Yes, it currently doesn't handle RuleSets at the moment. I'm trying to think how it would be implemented.

From the NSwag schema, we should be able to back into the controller/action that has the CustomizeValidatorAttribute and apply the requirements for the correct rule set.

The challenge is with the swagger spec, the validation is located on the object itself and not on the endpoint, so even if we could look at the CustomizeValidatorAttribute, if there are two actions that use the same object, the rulesets would collide for this scenario.

class FooController 
{
    [CustomizeValidatorAttribute(RuleSet="create")]
    public void CreateFooAction(FooModel foo);

    [CustomizeValidatorAttribute(RuleSet="update")]
    public void UpdateFooAction(FooModel foo);
}

class FooModel
{}

NSwag would generate an endpoint for create and update; however, the endpoints in the swagger spec would reference the same FooModel, which is where the swagger spec defines the validation requirements.

"requestBody": {
    "x-name": "command",
    "description": "Create foo command.",
    "content": {
        "application/json": {
            "schema": {
              "$ref": "#/components/schemas/FooModel"
            }
        }
    },
    "required": true,
    "x-position": 2
},
"FooModel": {
    "type": "object",
    "description": "Fooo Result",
    "additionalProperties": false,
    "required": [
        "items"
    ],
    "properties": {
        "foo": {
            "type": "string",
            "description": "Foo",
            "minLength": 1, // Validations used by both create and update actions due to object reference from action request definition
        }
},

Thoughts?

t-mxcom commented 3 years ago

Thanks, Geoffrey, for your answer!

I added two more operations to your example:

class FooController 
{
    [CustomizeValidatorAttribute(RuleSet="create")]
    public void CreateFooAction(FooModel foo);

    [CustomizeValidatorAttribute(RuleSet="update")]
    public void UpdateFooAction(FooModel foo);

    [CustomizeValidatorAttribute(RuleSet="another,default")]
    public void AnotherFooAction(FooModel foo);

    [CustomizeValidatorAttribute(RuleSet="*")]
    public void UltimateFooAction(FooModel foo);
}

class FooModel
{}

I think it's necessary to generate multiple models/types to support different rule sets.

Idea 1 Append the type name with the rule set name(s) This could be FooModel_Create and FooModel_Update to cover CreateFooAction and UpdateFooAction.

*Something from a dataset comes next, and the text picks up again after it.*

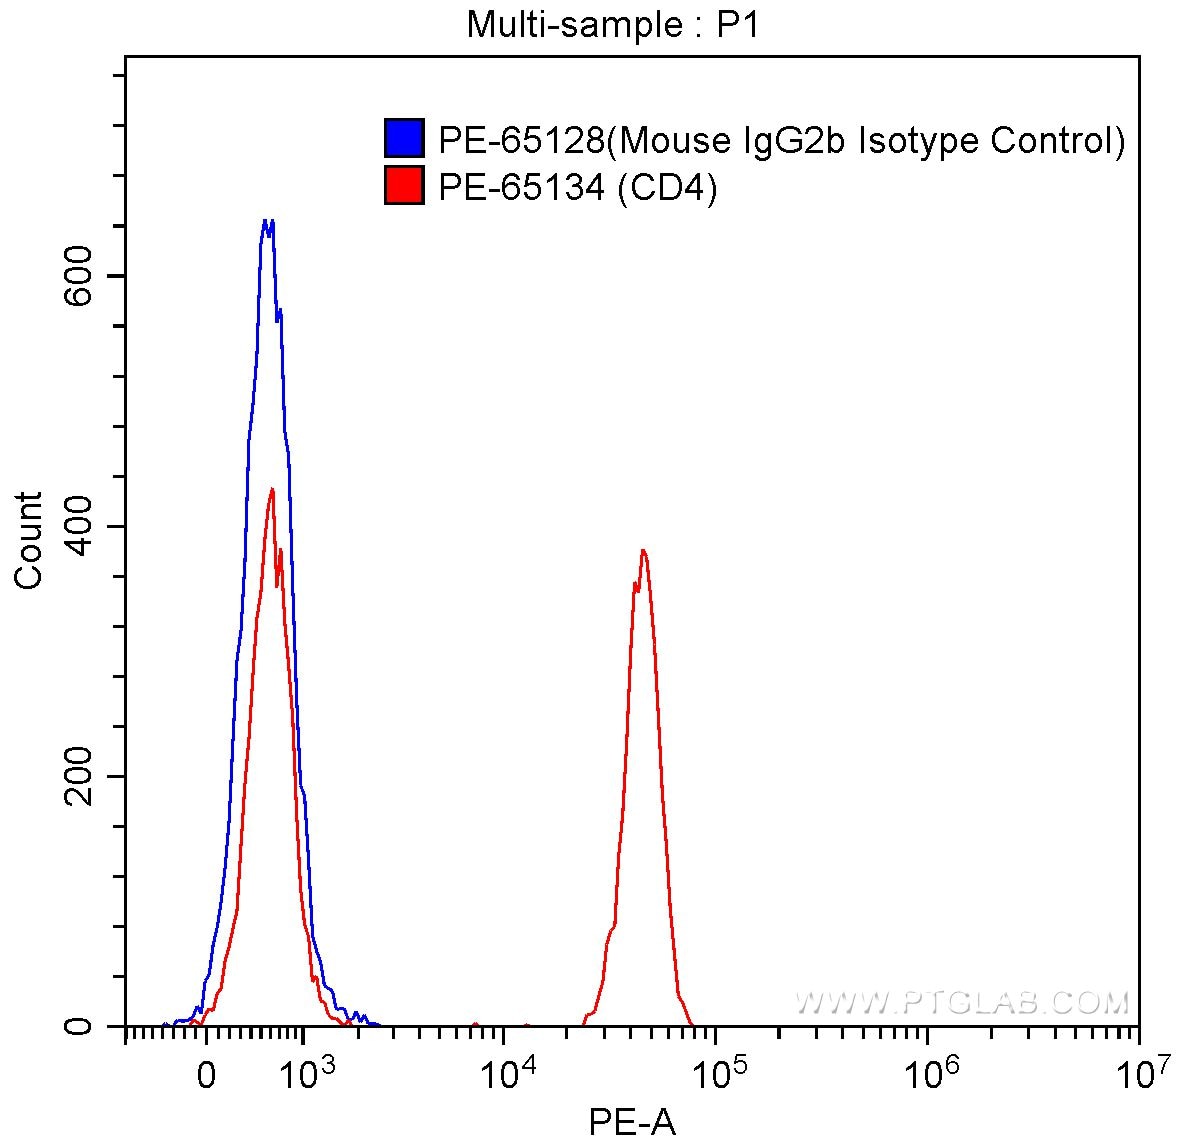 Flow cytometry (FC) experiment of human peripheral blood lymphocytes using PE Anti-Human CD4 (OKT4) (PE-65134)

Both containing the same members but with different validation information assigned. It also is possible to specify more than one rule set in CustomizeValidatorAttribute by delimiting the names (including default) with a comma (see AnotherFooAction with will result in FooModel_AnotherDefault) or even applying all rule sets by typing * (see UltimateFooAction which will result in FooModel_All).

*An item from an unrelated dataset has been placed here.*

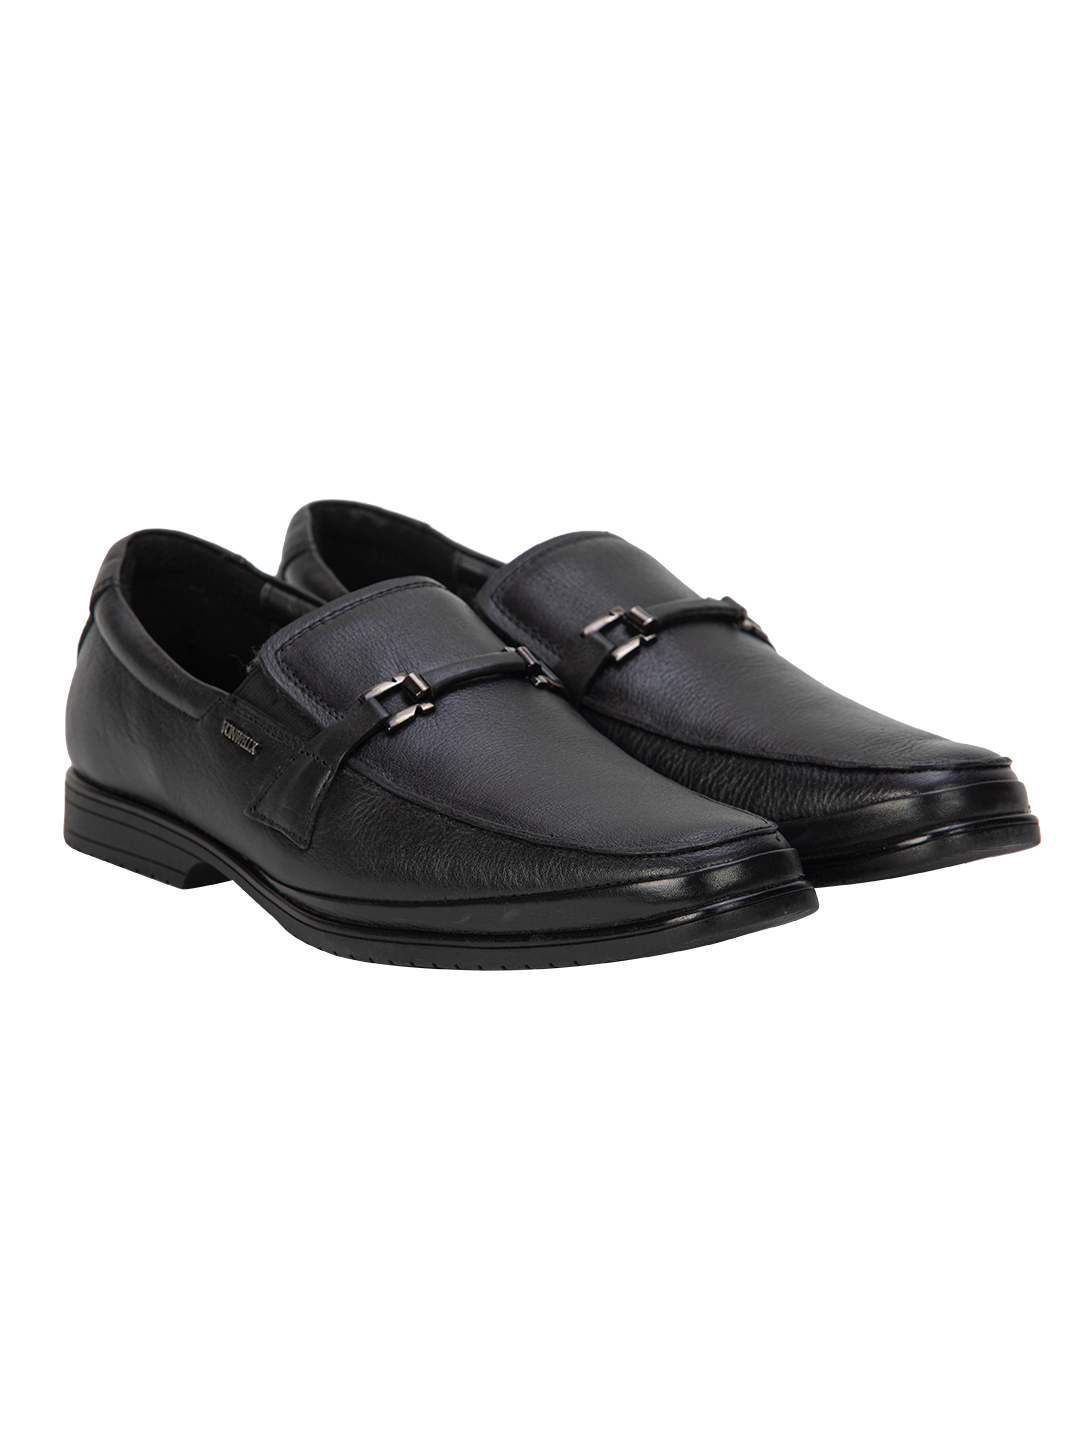 Buy Von Wellx Germany Comfort Black Jace Shoes Online in Sharjah

Idea 2 Define a type for every operation that needs it This will create CreateFooAction_FooModel, UpdateFooAction_FooModel, AnotherFooAction_FooModel and UltimateFooAction_FooModel in this case if we assume the type name is simply prefixed with the operations name.

Resume In my opinion, Idea 1 could keep the number of types defined as low as possible, as operations using the same rule set(s) could share the same type. But if multiple rule sets are specified, it will need a strategy to detect equally validated types (for example if the CustomizeValidatorAttribute is applied having the rule set names specified in different order) and using all specified rule set names to build the type names could lead to quite long names. Idea 2 will help to create clearly and understandable named types but just defining a new type for each operation would result in a lot of equal type definitions.

So will a combination of both be the best solution? What do you think about it?